Found this on Github, is this you fat16lib? https://github.com/greiman/SdFat

Will give it a try this evening.

Thanks, Josh

DragonJ:
Found this on Github, is this you fat16lib?
GitHub - greiman/SdFat: Arduino FAT16/FAT32 exFAT Library

Will give it a try this evening.

Thanks,
Josh

That’s the one.

Graham

SD cards used on a PC or Mac are accessed in large chunks since these machines have huge caches.

Arduino SD libraries only buffer one 512 byte block but the actual size of flash blocks are a multiple of 16 KB. This causes a huge amount of erase and move operations in the SD.

Each size SD card is designed with a flash layout and format to optimize access. It is best to use the standard format to optimize performance.

So I tried the latest version of SdFat from github, but no change in behavior.

I decided to reimplement the seek() call with a simple for loop, which is INCREDIBLY slow but... it works.

So I am now thinking that seek() is somehow broken...

Thanks, Josh

I wrote a 2 GB file, downloaded your program and tried it.

I only typed in characters until I got to position 122,880,000. It worked fine using SD.h.

Do you have access to a windows PC? If so do a check of the SD for corruption. Linux is great for ext3, ext4 but windoze is better for vfat.

Here is the last seek from my test.

56
incrementor is
256
index is
122880000
data.txt:
seek to
122880000
File position:
122880000
ABCDEFGHIJKLMNOPQRSTUVWXYZABCDEFGHIJKLMNOPQRSTUVWXYZABCDEFGHIJKLMNOPQRSTUVWXYZAReceived

I wrote the file using the SdFat bench example on a Due since it writes at 4 MB/sec but did the test with 1.0.6 on an Uno.

I ran another test with this at the end of your loop so I don’t need to type. I wrote the file position in each record

  index += 64000UL*512UL;

Here are tests near the end of the file.

seek to
1966080000
File position:
1966080000
1966080000 LMNOPQRSTUVWXYZABCDEFGHIJKLMNOPQRSTUVWXYZABCDEFGHIJKLMNOPQRSTUVWXYZAdata.txt:
seek to
1998848000
File position:
1998848000
1998848000 LMNOPQRSTUVWXYZABCDEFGHIJKLMNOPQRSTUVWXYZABCDEFGHIJKLMNOPQRSTUVWXYZAdata.txt:
seek to
2031616000
Seek error!

I am using a 32 GB card formatted with SdFormatter. It takes about 1.5 sec to seek to 1,998,848,000.

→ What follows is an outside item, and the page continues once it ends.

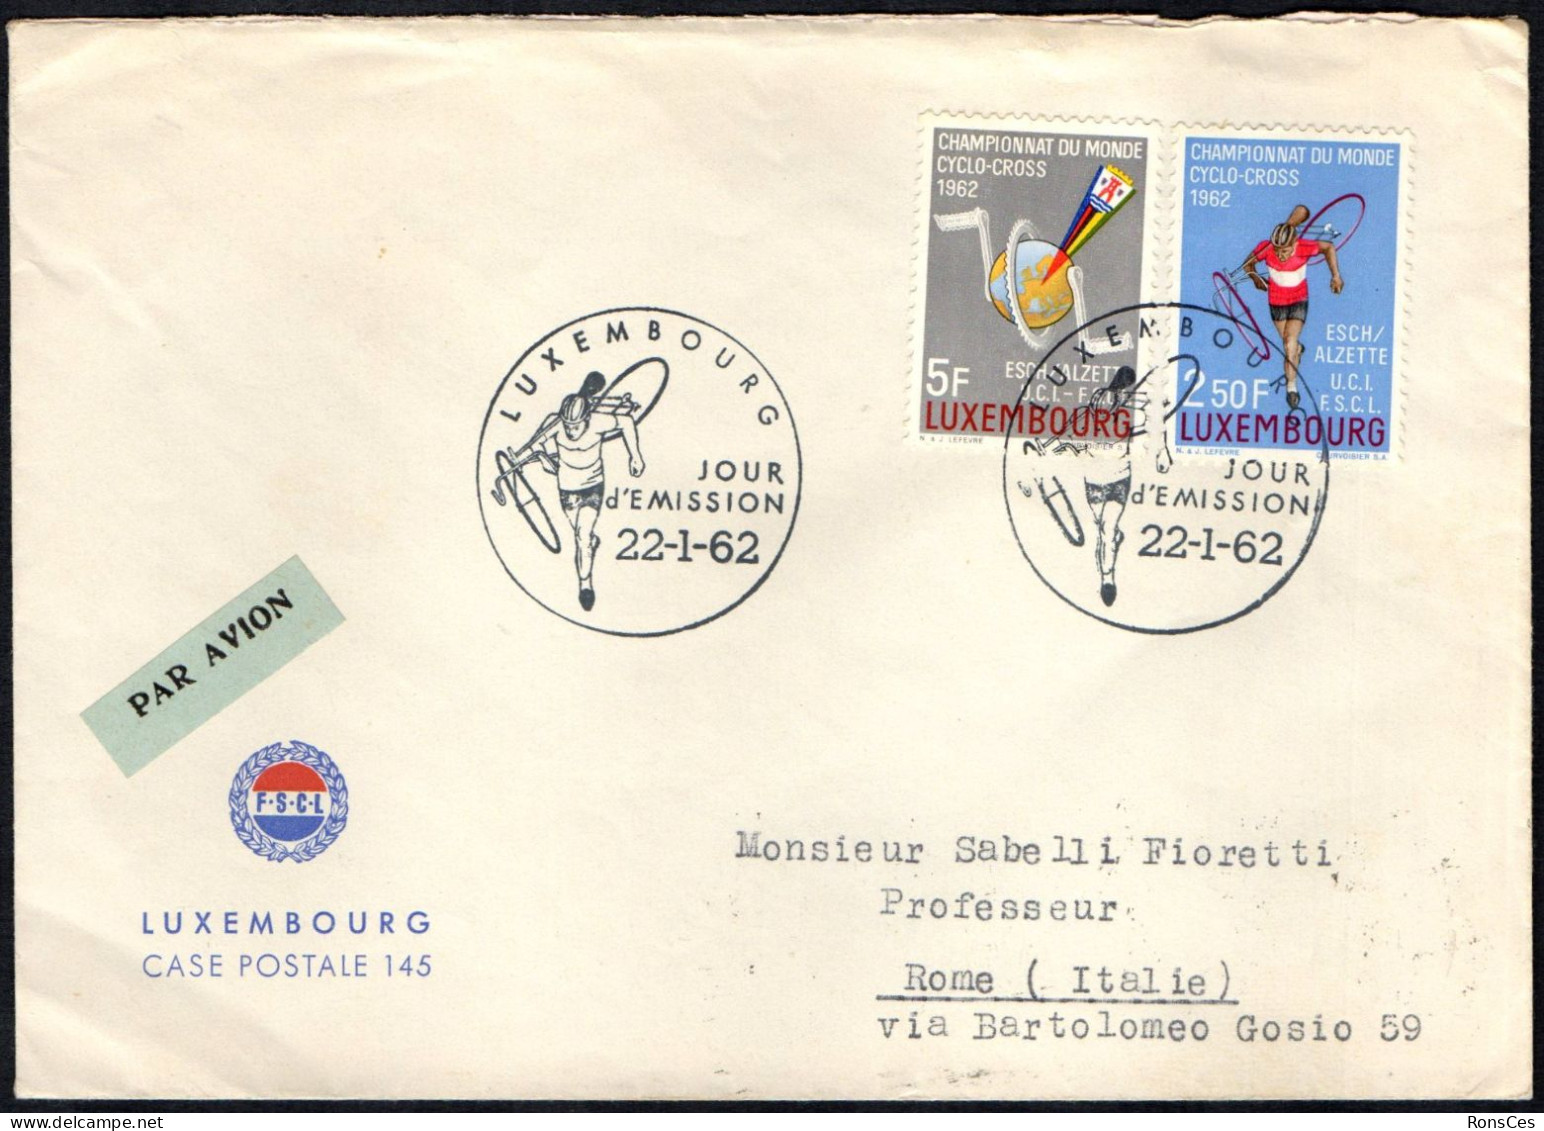 CYCLING - LUXEMBOURG 1962 - CHAMPIONNAT DU MONDE CYCLO-CROSS - MAILED FDC - A - Ciclismo

Thank you for all your help. I did get this resolved.

I am embarrassed to say it was an "off by one" problem - in that the data.txt file I generated did not have 12000 byte records, but rather 12001 byte records, as my perl script which was used to create it added a line feed at the end of each record. Thus, each subsequent record was one byte deeper in the file.

I apologize for wasting everyone's time with this... I totally owe beers on this one!

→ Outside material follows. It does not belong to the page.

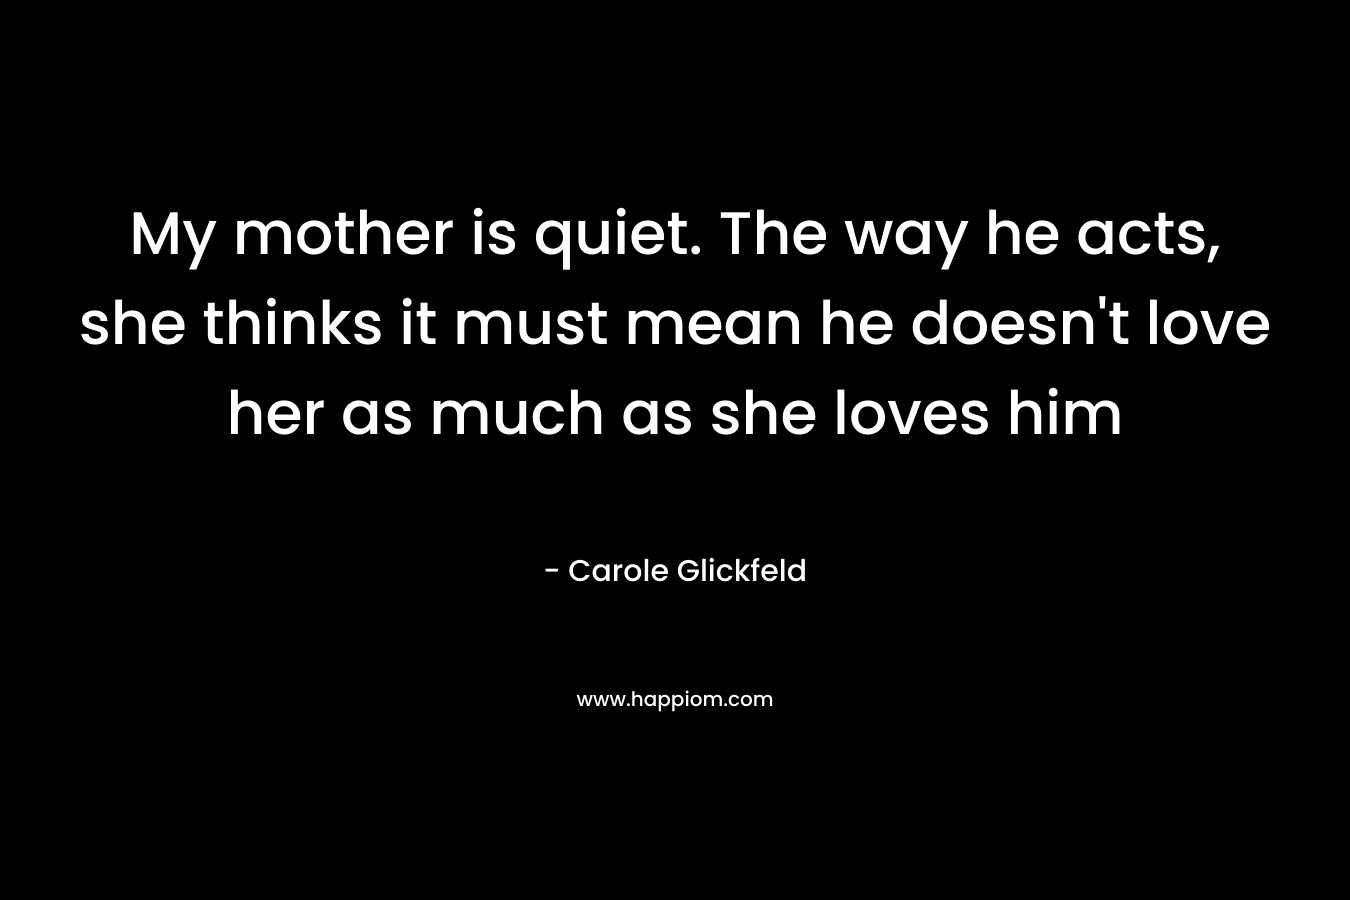 My mother is quiet. The way he acts, she thinks it must mean he doesn’t love her as much as she loves him – Carole Glickfeld

Thanks, and Happy Holidays, Josh

Thanks for reporting the problem. After my last post I concluded that there must be a problem with the record layout and have been curious to know the solution.

It wasn't a waste of time, it has been a while since I verified seek works correctly for large files. I finally ran it with a max length 4 GB file. You should use an unsigned long index for files longer than 2 GB.

Perl, was/is a neat scripting language. I went through a phase of trying to use it for everything after Larry Wall developed it in the late 1980s. I had been using awk from the late 1970s and perl was a great upgrade.